AttributeError：“HTTPResponse”对象没有属性“split”答案

【问题标题】：AttributeError: 'HTTPResponse' object has no attribute 'split'AttributeError：“HTTPResponse”对象没有属性“split”
【发布时间】：2016-09-19 02:08:23
【问题描述】：

我正在尝试从谷歌金融获取一些信息，但我收到了这个错误

AttributeError: 'HTTPResponse' 对象没有属性 'split'

这是我的python代码：

import urllib.request
import urllib
from bs4 import BeautifulSoup

symbolsfile = open("Stocklist.txt")

symbolslist = symbolsfile.read()

thesymbolslist = symbolslist.split("\n")

i=0


while i<len (thesymbolslist):
    theurl = "http://www.google.com/finance/getprices?q=" + thesymbolslist[i] + "&i=10&p=25m&f=c"
    thepage = urllib.request.urlopen (theurl)
    print(thesymbolslist[i] + " price is " + thepage.split()[len(thepage.split())-1])
    i= i+1

【问题讨论】：

你想在这里做什么？ thepage.split()[len(thepage.split())-1])
我正在尝试将页面放入列表中，然后从该列表中获取最后一个属性并打印它。
您需要从thepage 到read() 才能得到一个实际的字符串。

标签： python python-3.x

【解决方案1】：

问题的原因

这是因为urllib.request.urlopen (theurl) 返回一个表示连接的对象，而不是字符串。

解决方案

要从此连接中读取数据并实际获取字符串，您需要这样做

thepage = urllib.request.urlopen(theurl).read()

然后你的其余代码应该自然而然地遵循。

解决方案附录

有时，字符串本身包含无法识别的字符编码字形，在这种情况下，Python 会将其转换为bytestring。

处理这个问题的正确方法是找到正确的字符编码并使用它将字节串解码为常规字符串，如this question：

thepage = urllib.request.urlopen(theurl)
# read the correct character encoding from `Content-Type` request header
charset_encoding = thepage.info().get_content_charset()
# apply encoding
thepage = thepage.read().decode(charset_encoding)

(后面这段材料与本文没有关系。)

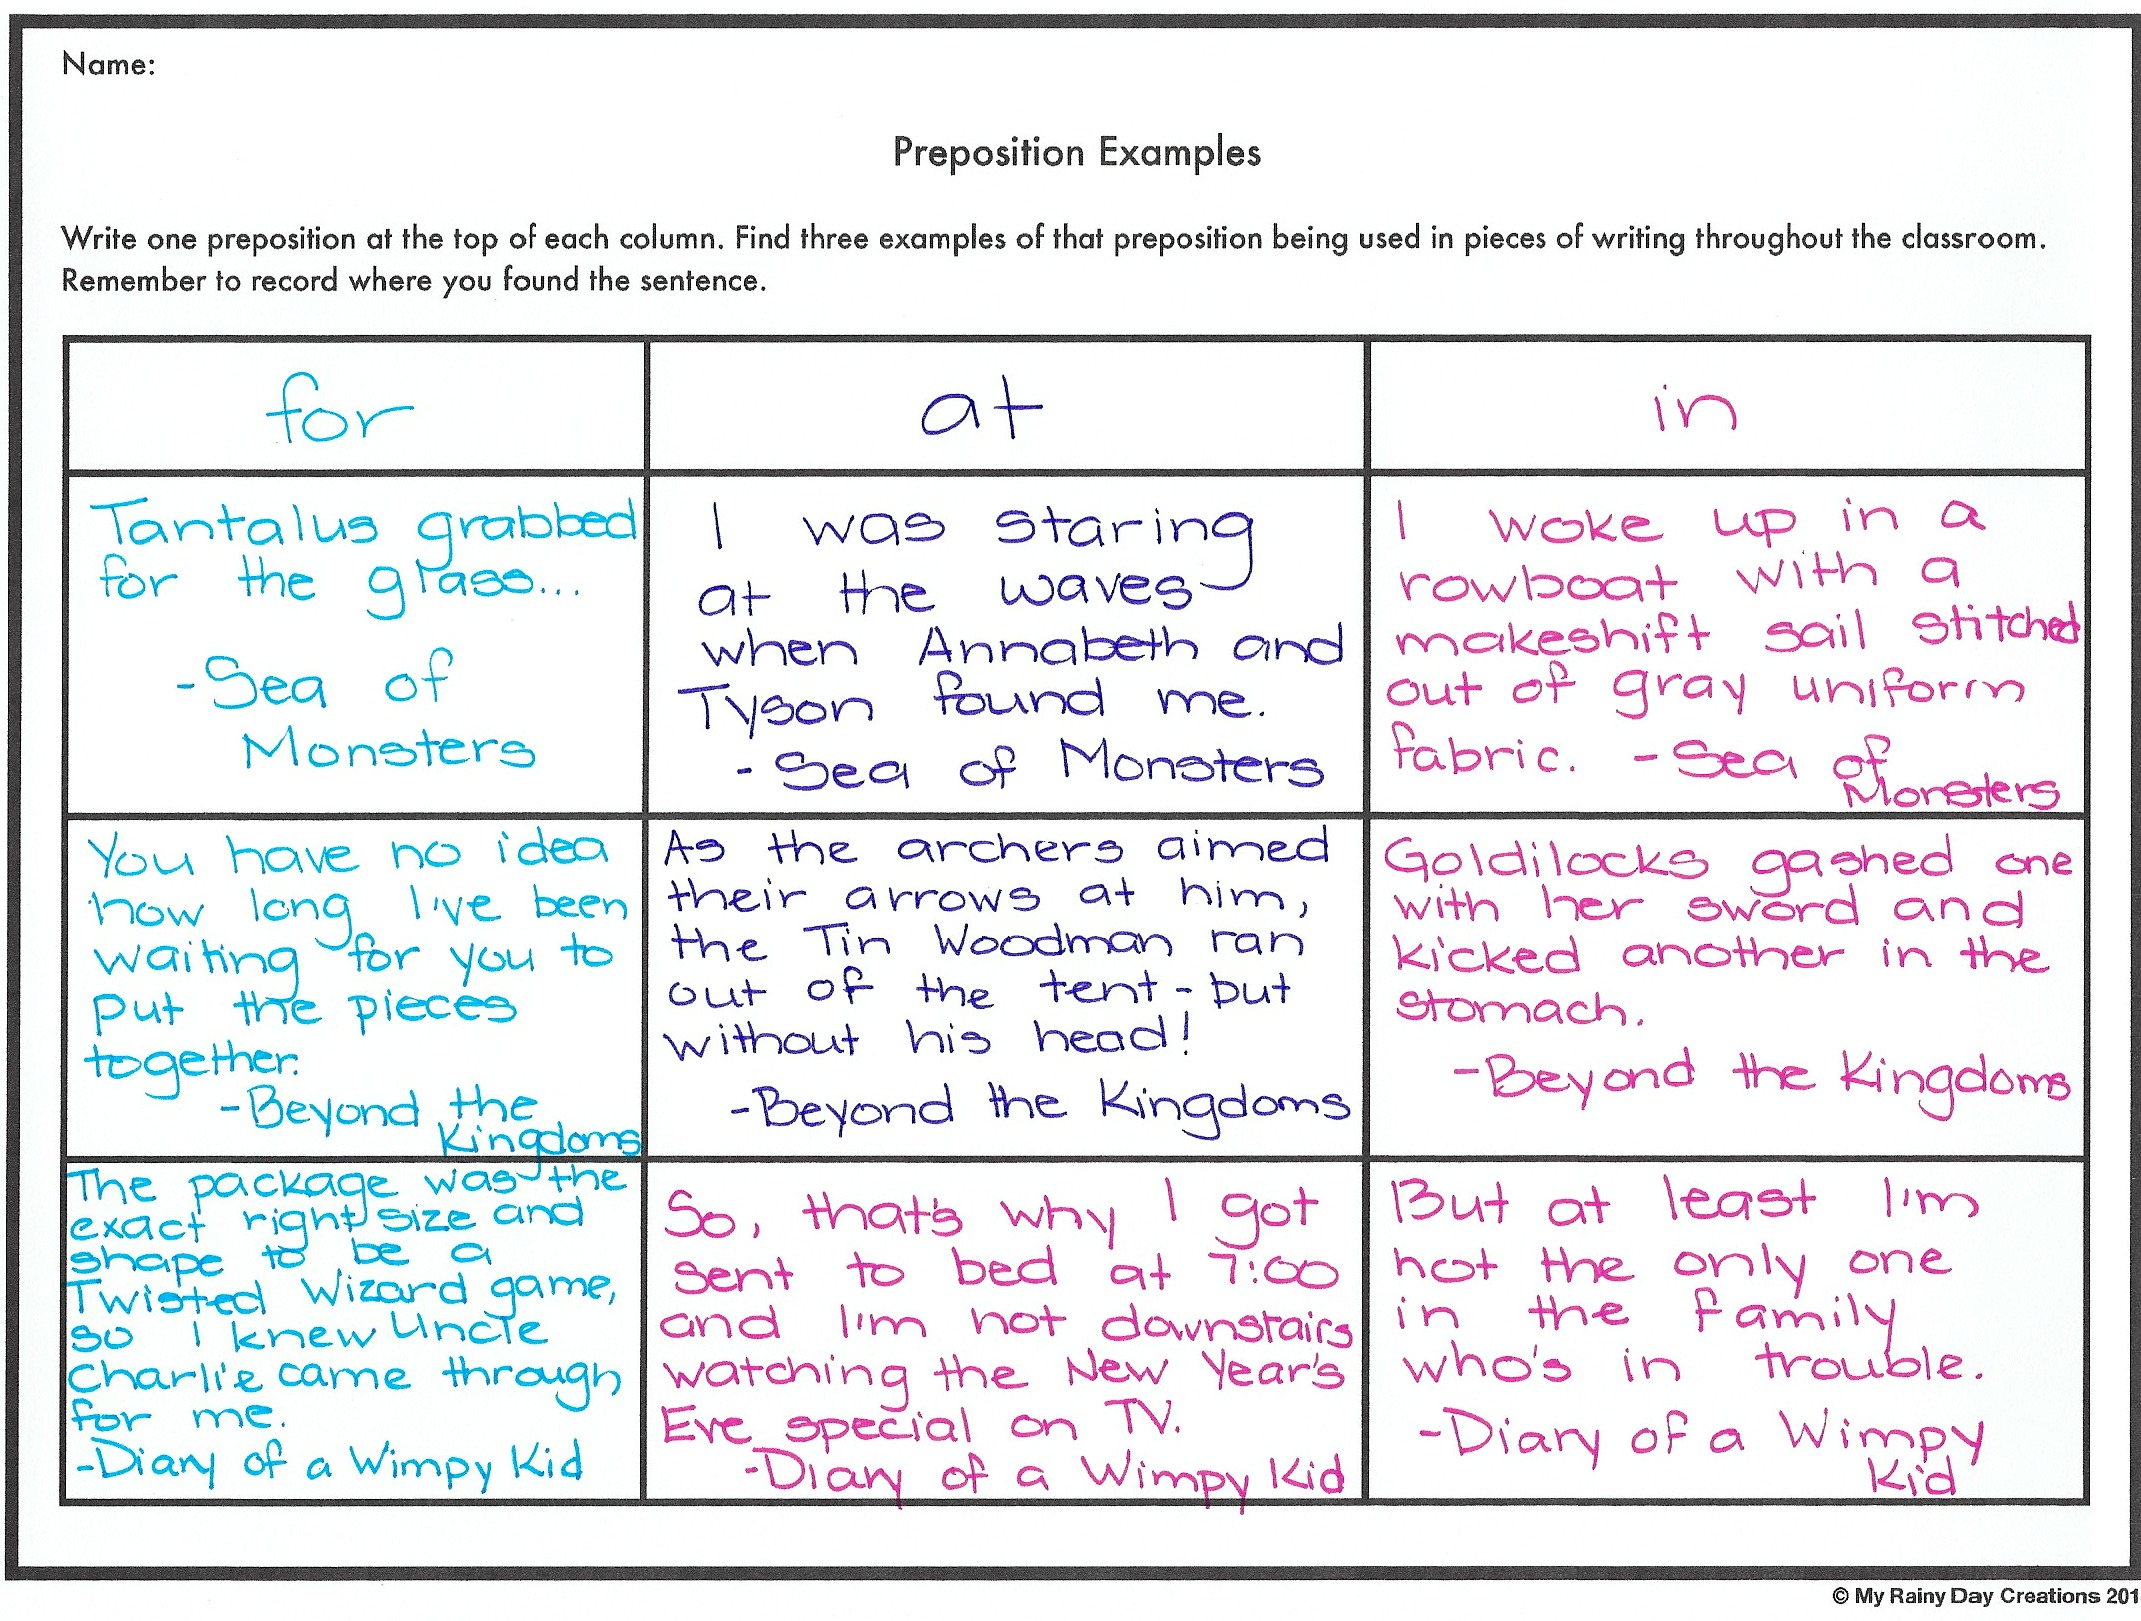 Prepositions-2.jpg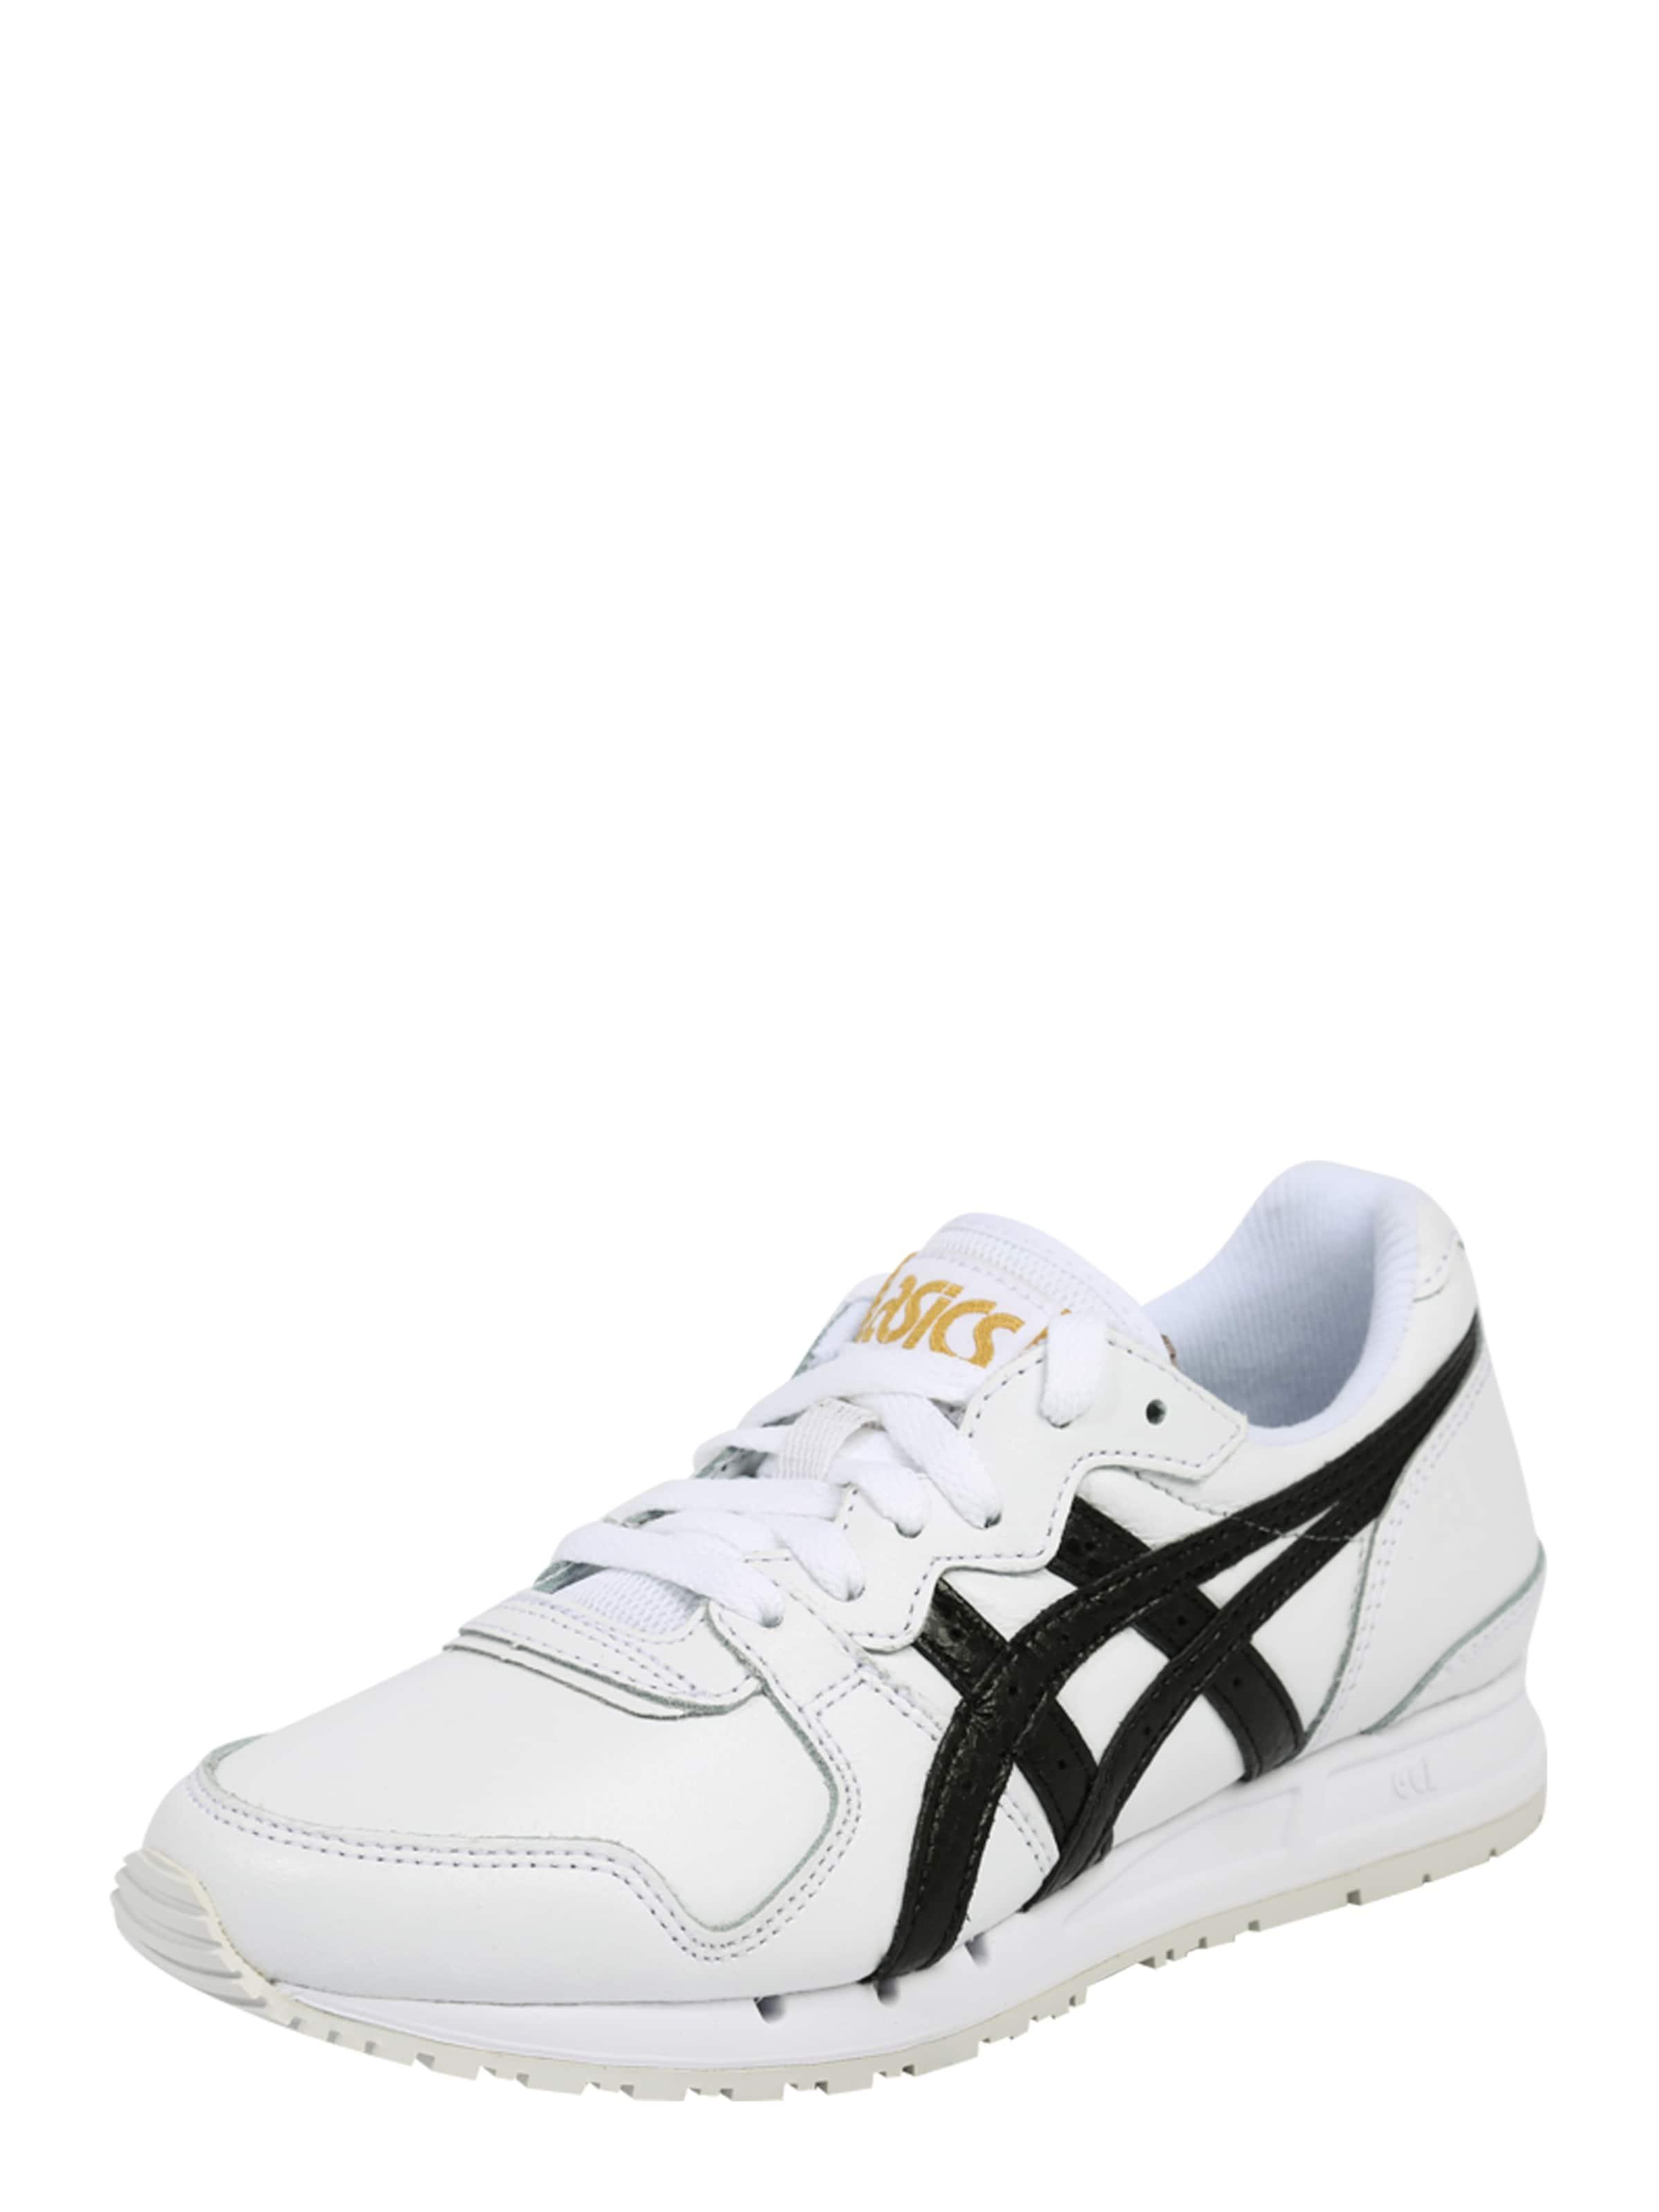 Asics Tiger Sneaker 'Movimentum' Verschleißfeste billige Schuhe

有时可以安全地假设字符编码为utf-8，在这种情况下

thepage = urllib.request.urlopen(theurl).read().decode('utf-8')

确实经常工作。如果不出意外，这在统计上是一个很好的猜测。

【讨论】：

一旦我这样做了，它给了我这个错误：TypeError: Can't convert 'bytes' object to str implicitly
这是因为你收到的字符串的编码不是 Python 能理解的。给我一点时间来解决问题。
您的解决方案更强大，因为它不依赖于源编码，所以 OP：最好将此标记为正确答案 :)

【解决方案2】：

检查documentation 可能会在将来为您节省时间。它说 urlopen() 方法返回一个 HTTPResponse 具有 read() 方法的对象。在 Python 3 中，您需要解码源编码的输出，在本例中为 UTF-8。所以就写吧

thepage = urllib.request.urlopen(theurl).read().decode('utf-8')

【讨论】：

一旦我这样做了，它给了我这个错误：TypeError: Can't convert 'bytes' object to str implicitly
Python 3？那就看stackoverflow.com/questions/16699362/…试试thepage = urllib.request.urlopen(theurl).read().decode('utf-8')
@le_m 假设默认编码是utf-8 - 这通常是正确的，但不一定是发送过来的编码。正确的方法是检查标头中的编码并应用它。
@AkshatMahajan 当然，你是对的，但由于 OP 只是在查询 google.com，我们可以放心地假设 UTF-8。
@le_m You would be surprised what character encodings Google uses in lieu of UTF-8...